In general, each line in data file represents one positive instance and n negative instances in a same impression. The format is like: <br>

`[label0] ... [labeln] [Impression:i] [User:u] [CandidateNews0:w1,w2,w3,...] ... [CandidateNewsn:w1,w2,w3,...] [ClickedNews0:w1,w2,w3,...] ...`

<br>

It contains several parts seperated by space, i.e. label part, Impression part `<impresison id>`, User part `<user id>`, CandidateNews part, ClickedHistory part. CandidateNews part describes the target news article we are going to score in this instance, it is represented by (aligned) title words. To take a quick example, a news title may be : `Trump to deliver State of the Union address next week` , then the title words value may be `CandidateNewsi:34,45,334,23,12,987,3456,111,456,432`. <br>
ClickedNewsk describe the k-th news article the user ever clicked and the format is the same as candidate news. Words are aligned in news title. We use a fixed length to describe an article, if the title is less than the fixed length, just pad it with zeros.

### test data
One simple example: <br>
`1 Impression:0 User:6446 CandidateNews0:18707,23848,13490,10948,21385,11606,1251,16591,827,28081 ClickedNews0:27838,7376,16567,28518,119,21248,7598,9349,20324,9349 ClickedNews1:7969,9783,1741,2549,27104,14669,14777,21343,7667,20324 ...`
<br>

In general, each line in data file represents one instance. The format is like: <br>

`[label] [Impression:i] [User:u] [CandidateNews0:w1,w2,w3,...] [ClickedNews0:w1,w2,w3,...] ...`
<br>

## Global settings and imports

In [1]:
import sys
sys.path.append("../../")
from reco_utils.recommender.deeprec.deeprec_utils import download_deeprec_resources, prepare_hparams 
from reco_utils.recommender.deeprec.models.nrms import NRMSModel
from reco_utils.recommender.deeprec.IO.news_iterator import NewsIterator
import papermill as pm
from tempfile import TemporaryDirectory
import tensorflow as tf
import os

print("System version: {}".format(sys.version))
print("Tensorflow version: {}".format(tf.__version__))

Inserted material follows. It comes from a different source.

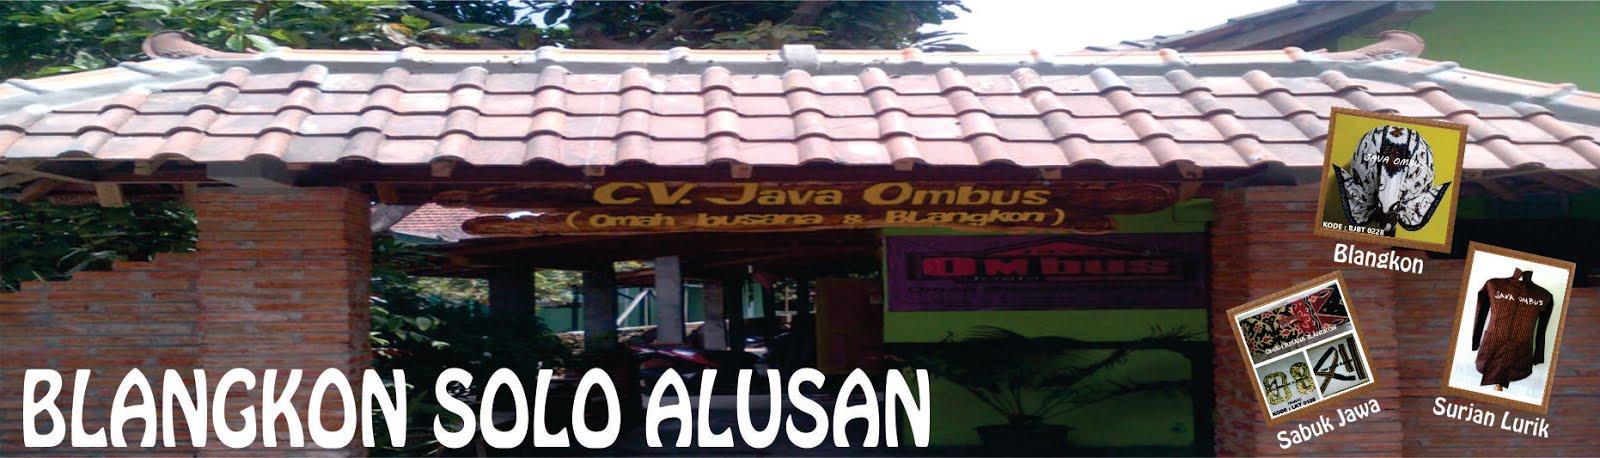 BLANGKON SOLO ALUSAN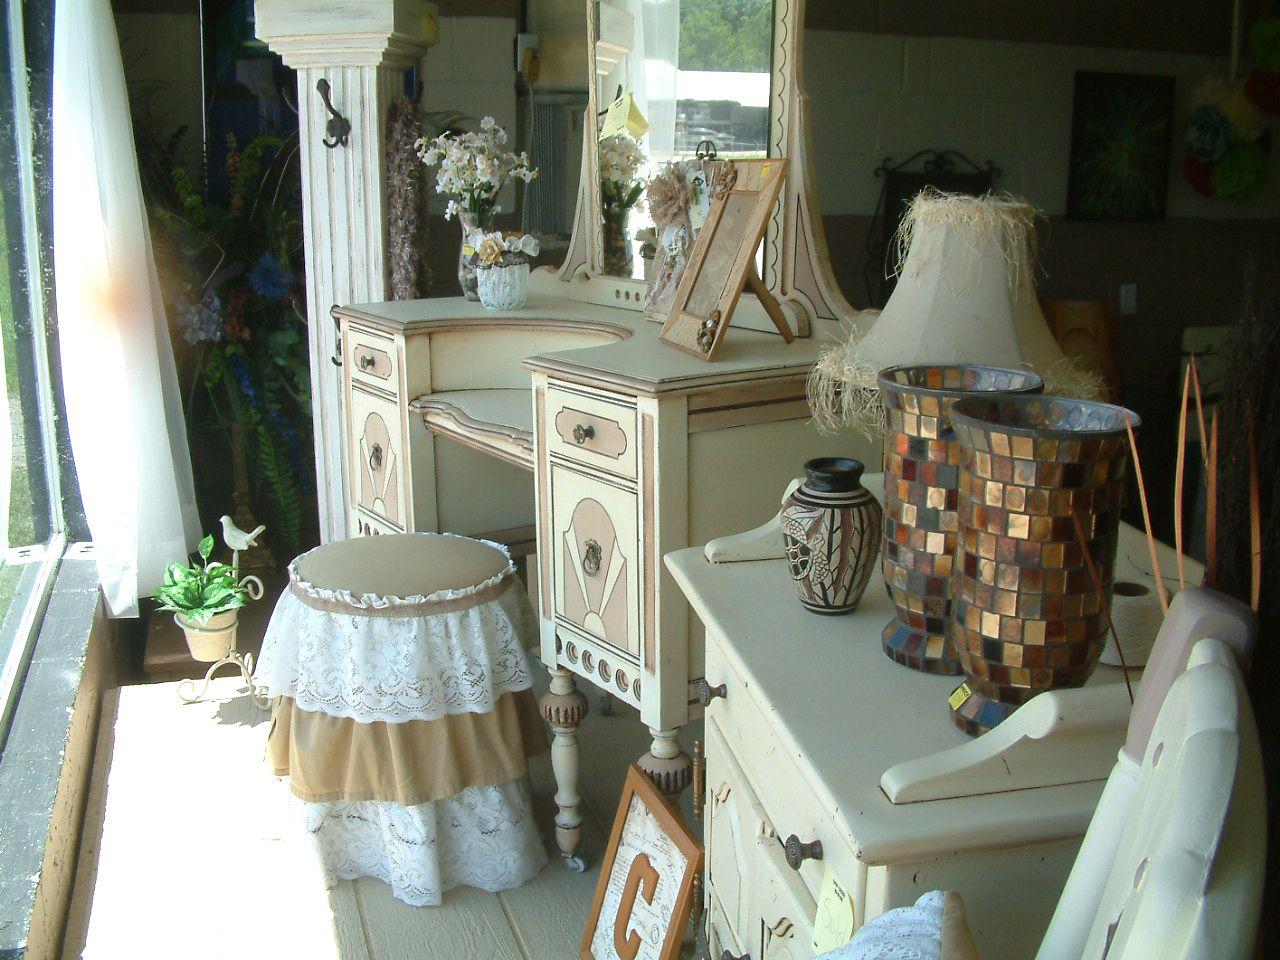 repurposed furniture store. Store Display Of Repurposed Furniture And Accents At Just Repurposed. A

# tmpdir = TemporaryDirectory()
data_path = '../../tests/resources/nrms'

  _np_qint8 = np.dtype([("qint8", np.int8, 1)])
  _np_quint8 = np.dtype([("quint8", np.uint8, 1)])
  _np_qint16 = np.dtype([("qint16", np.int16, 1)])
  _np_quint16 = np.dtype([("quint16", np.uint16, 1)])
  _np_qint32 = np.dtype([("qint32", np.int32, 1)])
  np_resource = np.dtype([("resource", np.ubyte, 1)])


System version: 3.6.10 |Anaconda, Inc.| (default, Jan  7 2020, 21:14:29) 
[GCC 7.3.0]
Tensorflow version: 1.12.0


## Download and load data

In [2]:
#data_path = tmpdir.name
yaml_file = os.path.join(data_path, r'nrms.yaml')
train_file = os.path.join(data_path, r'train.txt')
valid_file = os.path.join(data_path, r'test.txt')
wordEmb_file = os.path.join(data_path, r'embedding.npy')
if not os.path.exists(yaml_file):
    download_deeprec_resources(r'https://recodatasets.blob.core.windows.net/newsrec/', data_path, 'nrms.zip')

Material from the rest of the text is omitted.